When we think of animals set loose in the arenas of the Roman empire, we tend to think of lions. “Panther” refers to a melanistic variation of either a leopard, in Africa or Asia, or a jaguar, in the Americas. In this short story, Rachilde imagines a black leopard caged in the darkness underneath the arena, visible only because of its glinting eyes. The animal’s color is a deliberate aesthetic choice, as is its species and sex: “panthère” in French, unlike “lion,” is a feminine noun. In both the action and the language of the story, the first thing the panther does is to display her sex.

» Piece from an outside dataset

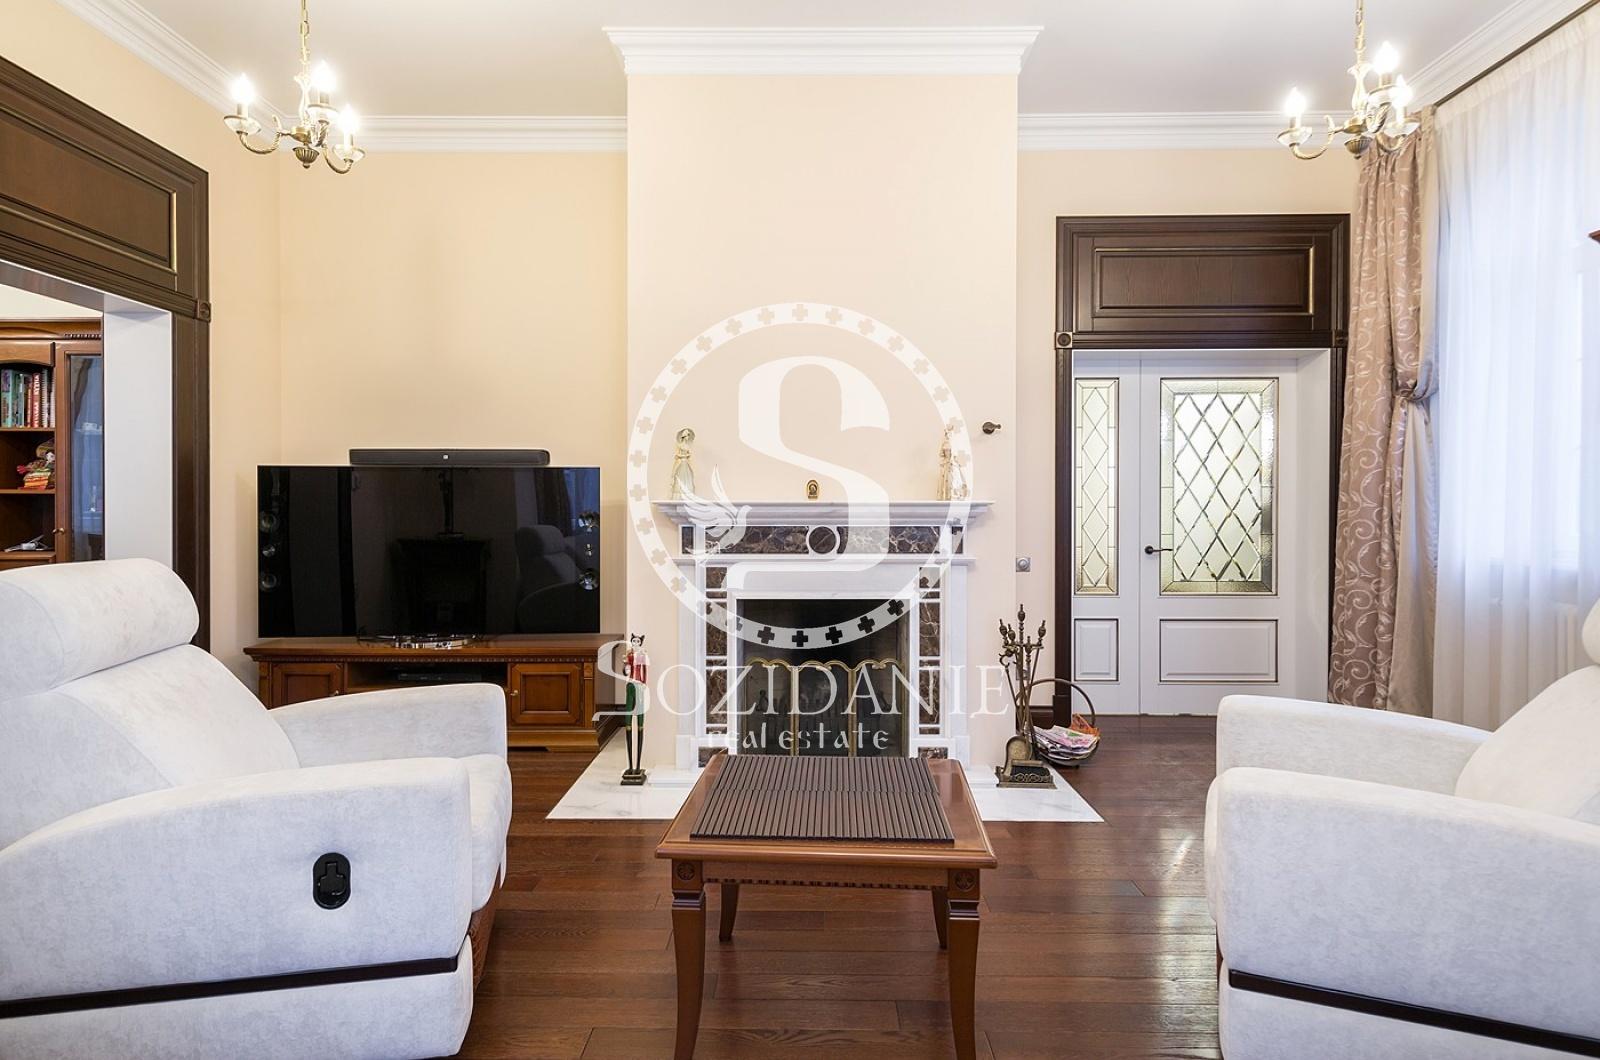 3 Bedrooms, Загородная, Продажа, Listing ID 3540, Московская область, Россия,

I have preserved this aspect of the story by referring to the panther as “she.” I have also tried to preserve Rachilde’s luxuriantly long sentences, lingering, as she does, on both the cruelty of the arena and the panther’s yearning for home. French style, especially French style from the end of the nineteenth century, accommodates these sinuous sentences. English syntax is simpler. This is not necessarily a loss. The panther draws back on her haunches in a long sentence, slow and tense. Then she jumps—quick, short, final.

Rachel Tapley

Rachel Tapley is a doctoral candidate in French literature at the University of Wisconsin-Madison and a Visiting Lecturer in French at Amherst College. Her translations and original writings have been published in Exchanges, The Toast, Cheap Pop, and Wyvern Lit. You can find her on twitter @rachel_tapley.

Rachilde

Rachilde (1860-1953), born Marguerite Eymery, was the author of the novels Monsieur Vénus (1884) and La Marquise de Sade (1887), as well as many other works, including plays, short stories, and essays. She was bisexual and in her youth, she preferred to dress as a man. With her husband Alfred Vallette and several other writers, she founded the Mercure de France literary magazine and publishing house. Identified with both the Decadent and Symbolist movements, Rachilde’s work—often the object of scandal—examines the world in lush prose that veers between the comic and the macabre.